On the other hand, we see increasing geopolitical risks in Europe and the US. In EM, the acceleration of reopening in China should result in a rebound sooner than expected, at a time when Europe will still be in recession and the US in a marked slowdown. This highlights a key feature of the 2023 outlook: the strong regional asynchrony in the economic cycles which could result in opportunities for investors.
For markets, this economic backdrop calls for a confirmation of a correction regime at the end of 2022 and in H1 2023, with inflation slowing, but still above normal levels. The correction phase will be driven by the profit recession, which will materialise in particular in H1. Investors should not add risk, but after the recent upside, return to a more cautious stance in equities and be prudent overall.

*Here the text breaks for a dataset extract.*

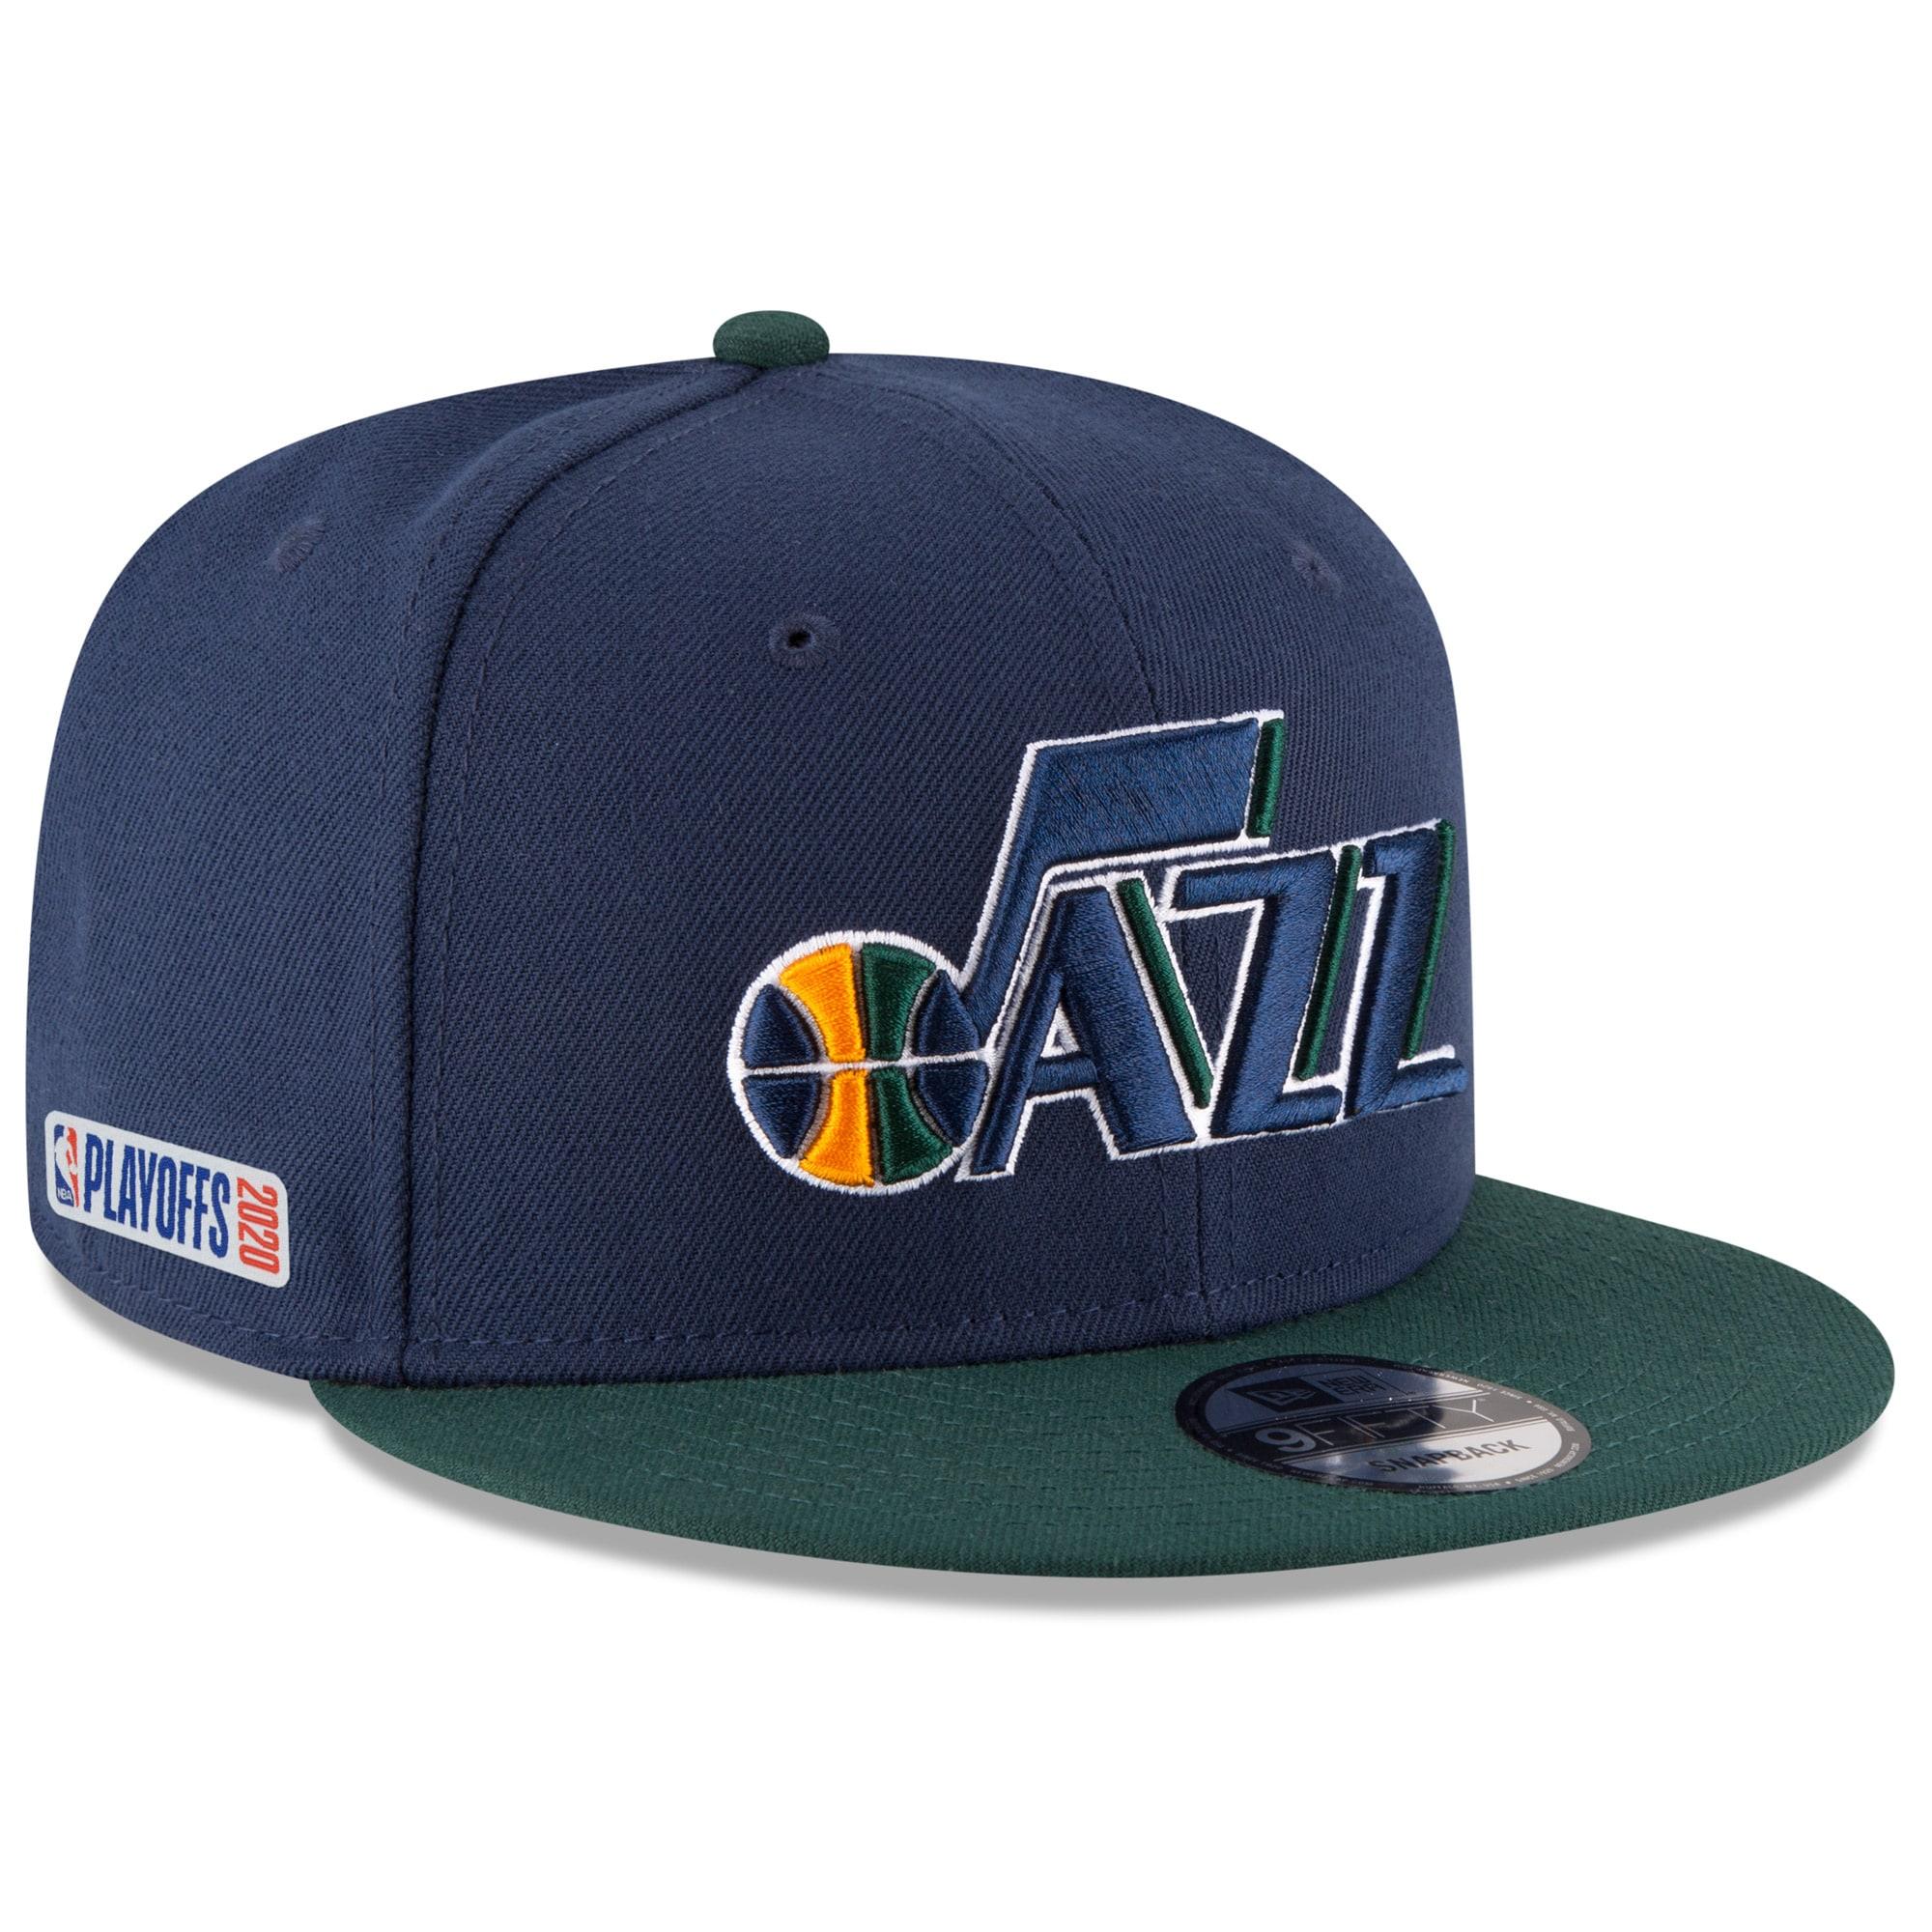 Utah Jazz New Era 2020 NBA Playoffs Bound 2-Tone 9FIFTY Snapback Adjustable Hat - Navy

- From a cross-asset perspective, we are very active in identifying opportunities presented by market discrepancies and asynchronies in monetary policies that will soon materialise as a response to slowing growth and weaker inflation. Now, after the rebound played out as expected, we turned cautious on equities, with a neutral stance in the US and still cautious positioning in Europe. We also trimmed our positive view in credit after participating in the rally, though we remain slightly constructive. We also believe investors should seek protection throught hedges, US Treasuries and gold.
- US equities have been driven by downward movements in core yields recently, rather than any significant improvement in corporate fundamentals. We see downside risks, an asymmetric payoff, and are becoming cautious in the near term, given that current valuations do not reflect earnings risks in case of a recession. We are therefore moving neutral in the US market. In Europe, which is more exposed to a stagflationary shock, the uncertainty surrounding the Ukraine war continues. The lack of a common policy response and inflation pressures led us to further increase our defensive view on Europe. In relative terms, we keep our preference for the US over Europe.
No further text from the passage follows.